Go beating Python in time to code?

 _"[Node.js is] a single thread. In a very similar amount of code, you could
write a goroutine-heavy server that could handle tens of thousands of requests
and use all the cores on your machine, so that if the requests were expensive
– if they were CPU-intensive – you'd have a chance of keeping up," Pike says.

"Node.js shows great numbers for heavy numbers of clients, and they've done a
really good job. But if those clients are CPU-intensive, they've got no place
to go. You can't get the parallelism you need. With Go, you get the best of
both worlds: You get many clients easily handled, and if they're CPU
intensive, you can imagine scaling to a much larger number of requests."

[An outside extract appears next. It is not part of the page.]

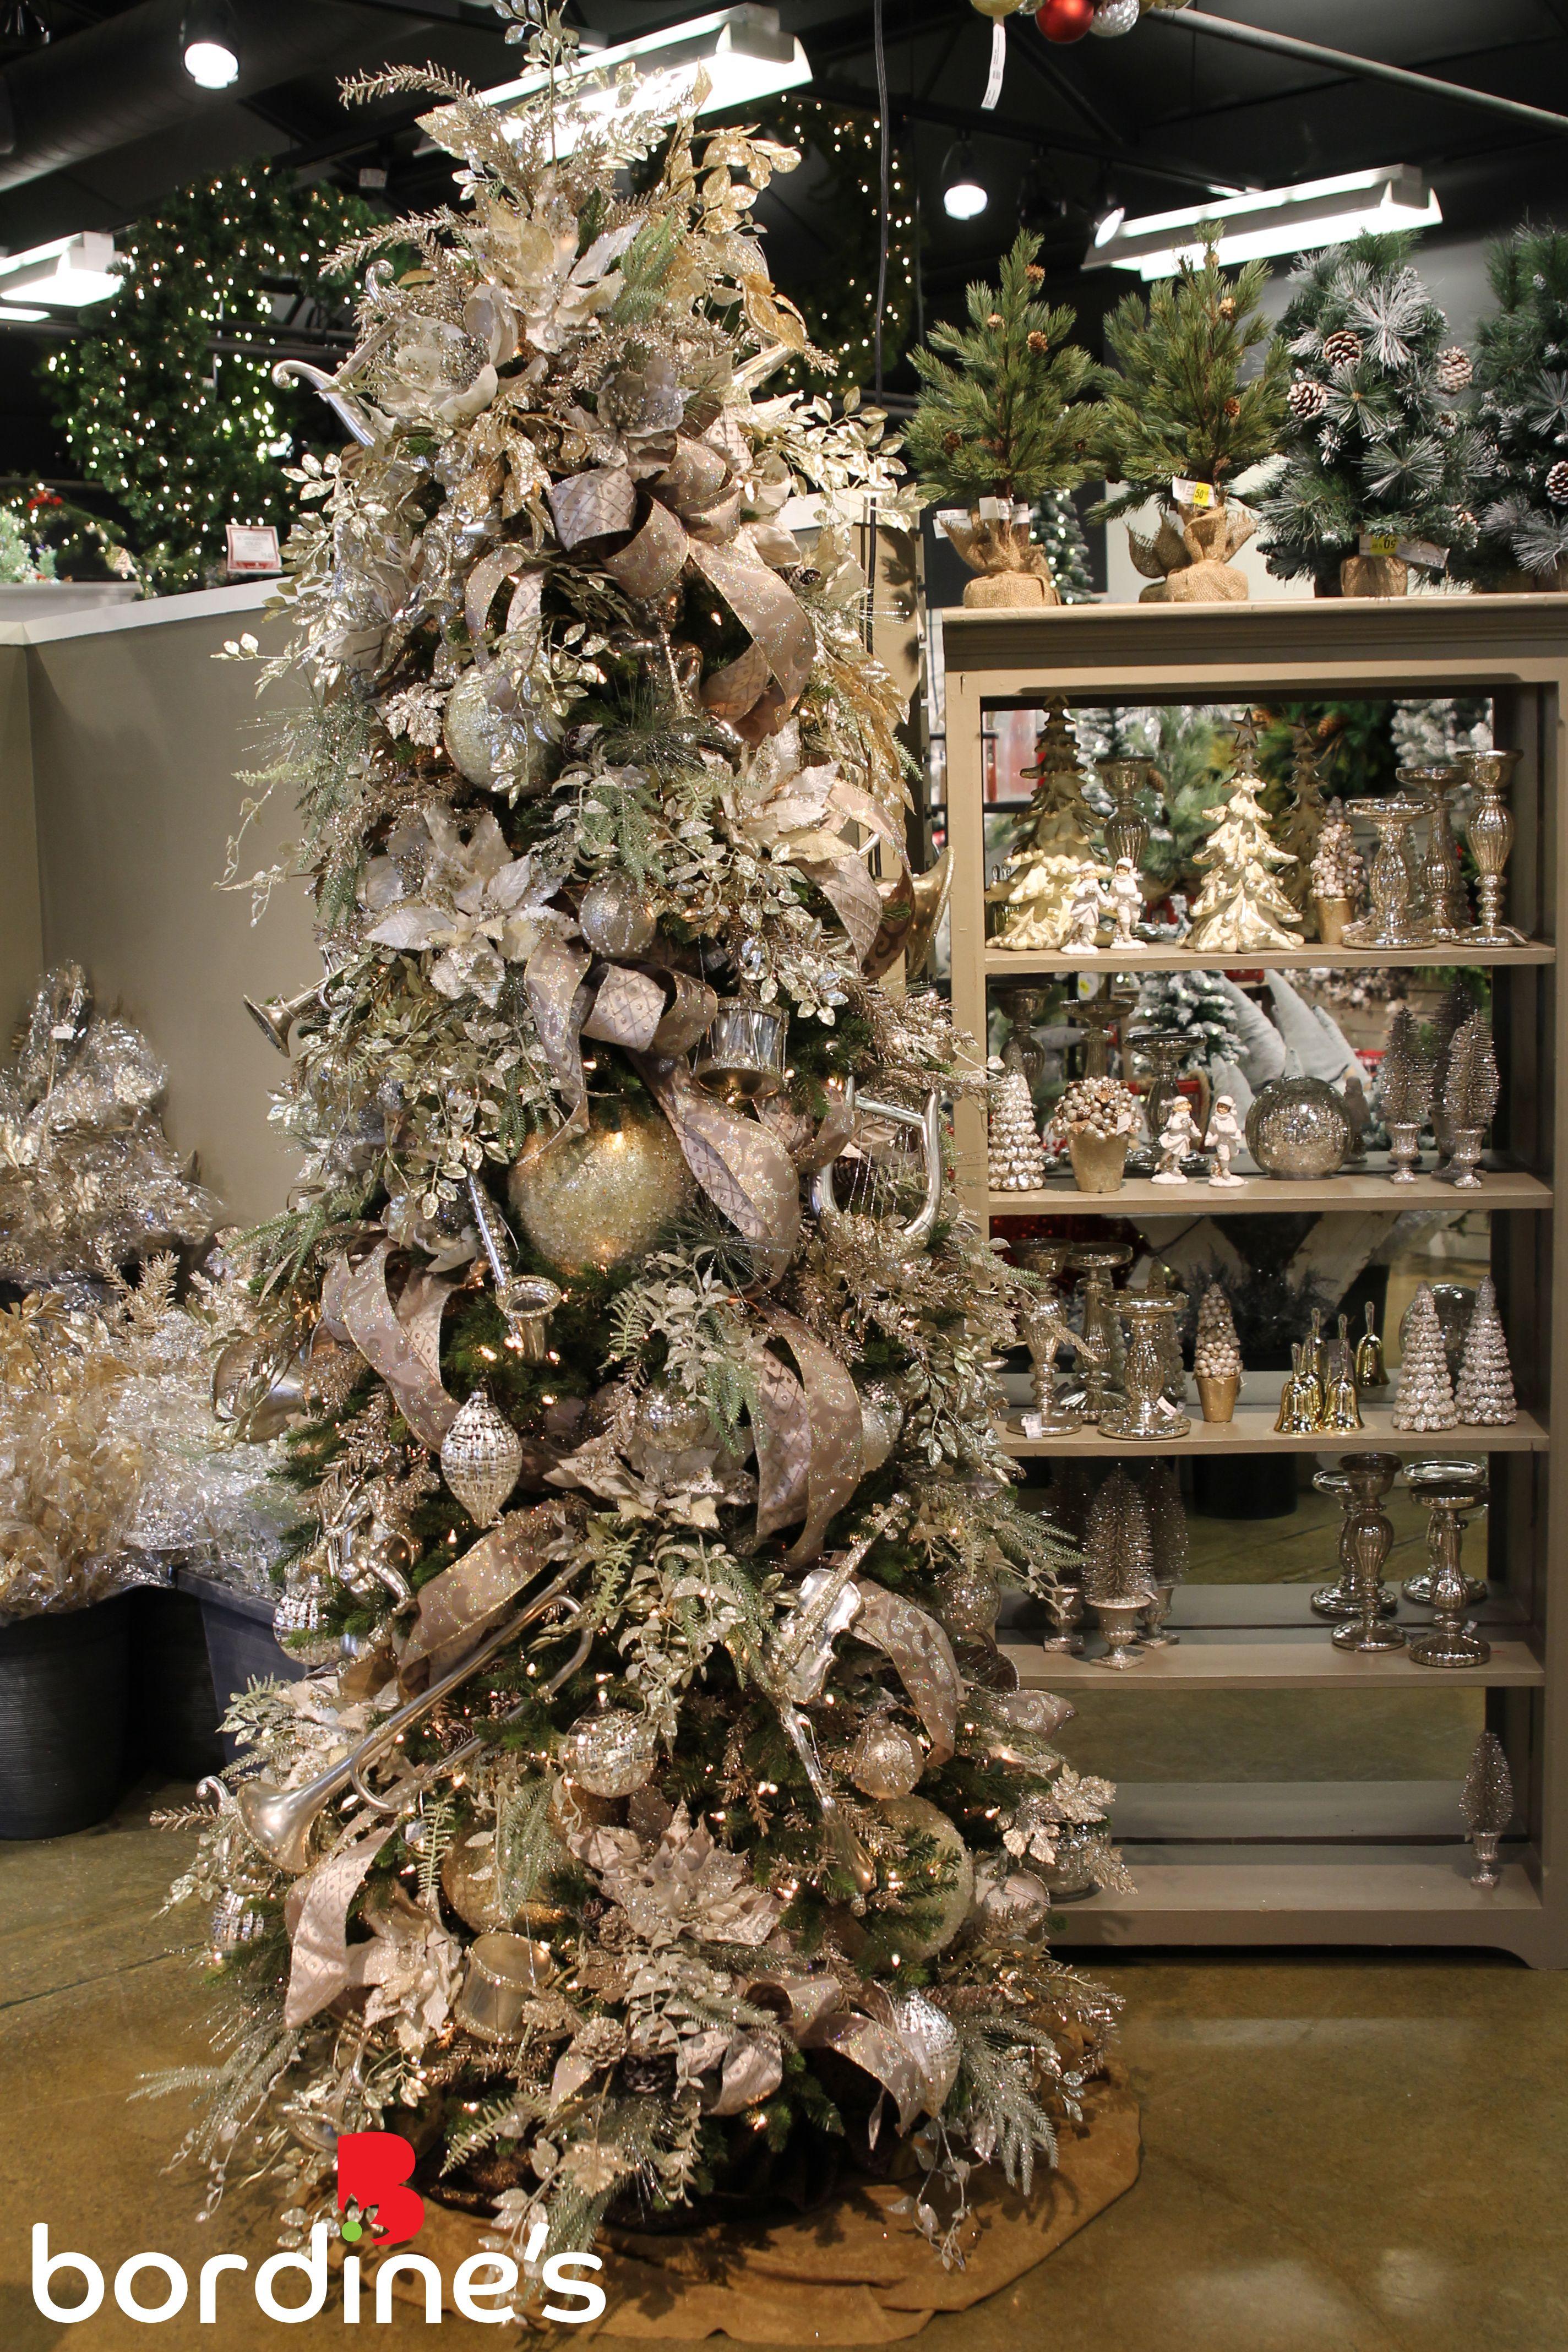 Pin By Bordine S On Bordine S Designer Christmas Trees Christmas Tree Decorations Diy Beautiful Christmas Trees Christmas Shop Window

What's more, Gerrand argues, Go doesn't force developers to embrace the
asynchronous ways of event-driven programming. ... "That lets you write
asynchronous code in a synchronous style. As people, we're much better suited
to writing about things in a synchronous style."_

Not quite true about CPU-intensive tasks. Node can use webworkers and leave
the main thread for handling small requests. Obviously JavaScript is slower,
webworkers open up heavy OS level threads (at least in browsers, not sure
about node), but there is somewhere to go.

I like the competitiveness either way. Go deserves more popularity.

I wonder, is it possible to do some syntax rewrite to make it look like a
weak/dynamic typed language and only use static types when you need the
performance? That would give them a popularity boost from superficial
Ruby/Python devs traumatized by systems programming.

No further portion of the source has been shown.